The operation that I want to do is similar to merger. For example, with the inner merger we get a data frame that contains rows that are present in the first AND second data frame. With the outer merger we get a data frame that are present EITHER in the first OR in the second data frame.
What I need is a data frame that contains rows that are present in the first data frame AND NOT present in the second one?
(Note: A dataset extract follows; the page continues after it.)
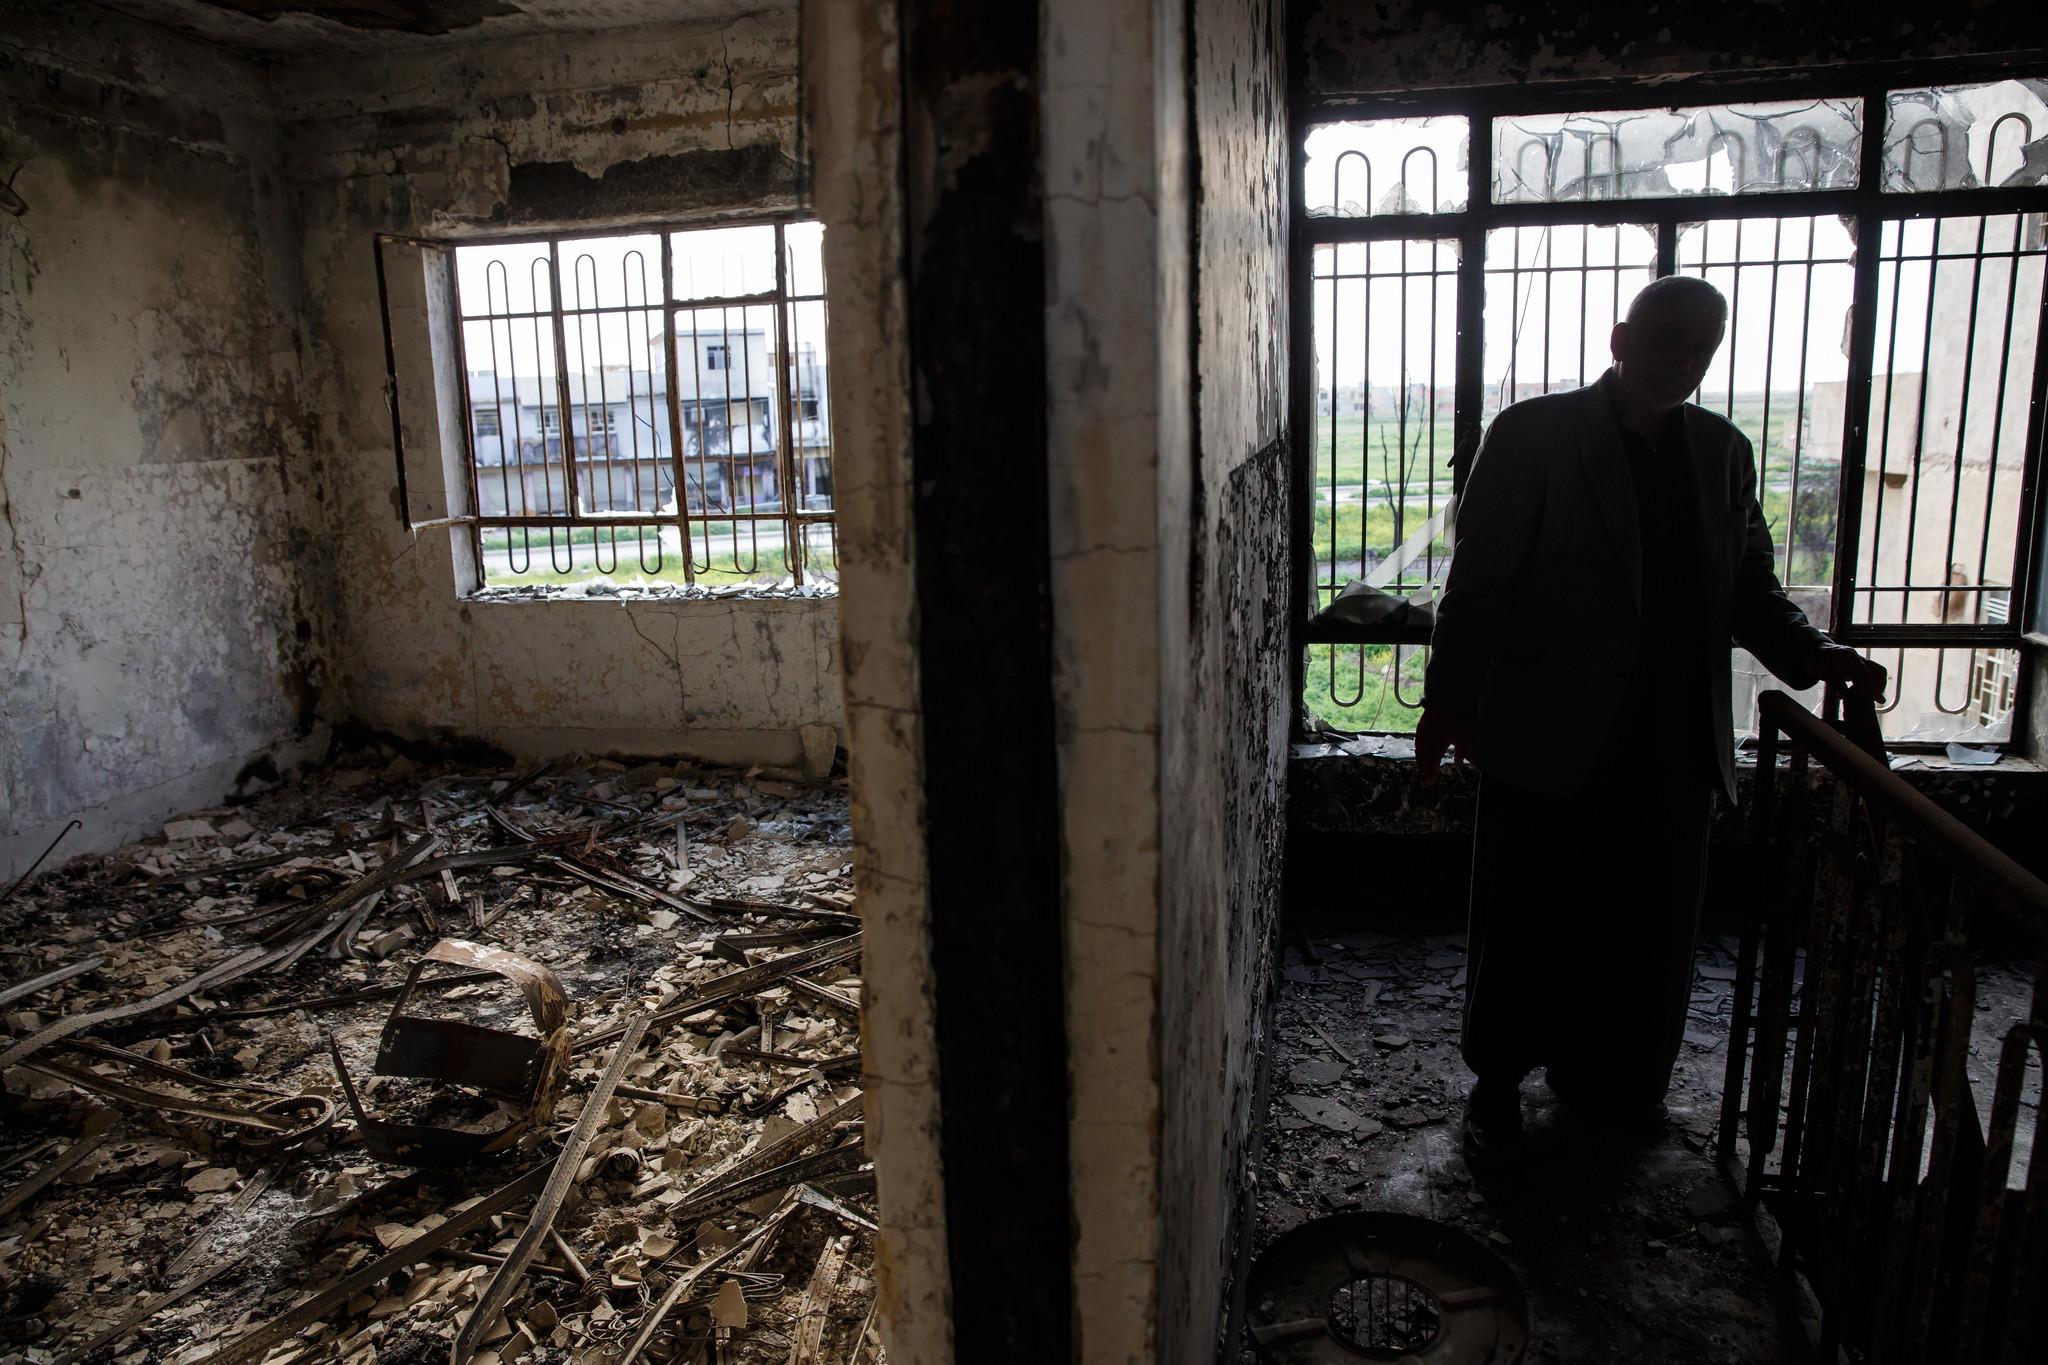 Tawfiq Abosh Jabu Sakar wanders through his home destroyed by Islamic State in Qaraqosh, Iraq.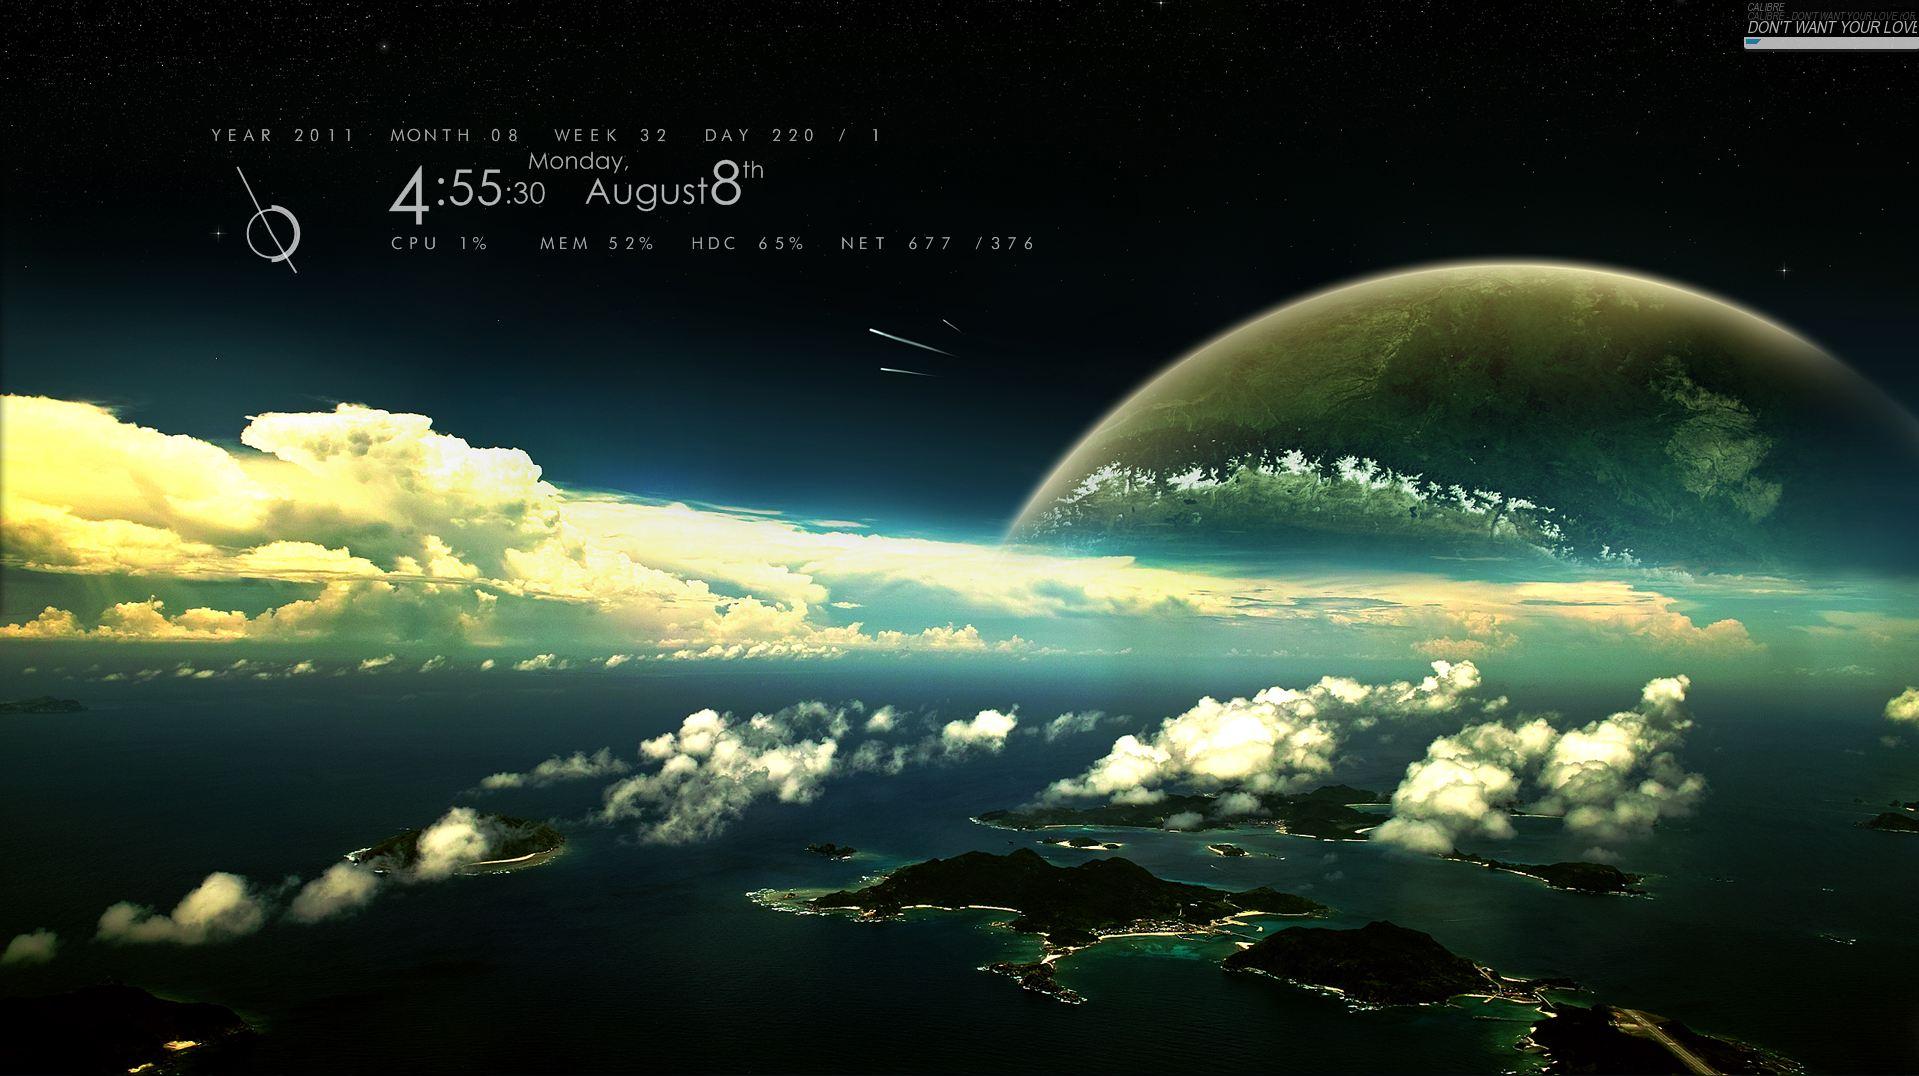 Best Desktop Background Images in HD 1919x1076

Is there a fast and elegant way to do it?

Consider Following:
df_one is first DataFrame
df_two is second DataFrame
Present in First DataFrame and Not in Second DataFrame
Solution: by Index
df = df_one[~df_one.index.isin(df_two.index)]
index can be replaced by required column upon which you wish to do exclusion.
In above example, I've used index as a reference between both Data Frames
Additionally, you can also use a more complex query using boolean pandas.Series to solve for above.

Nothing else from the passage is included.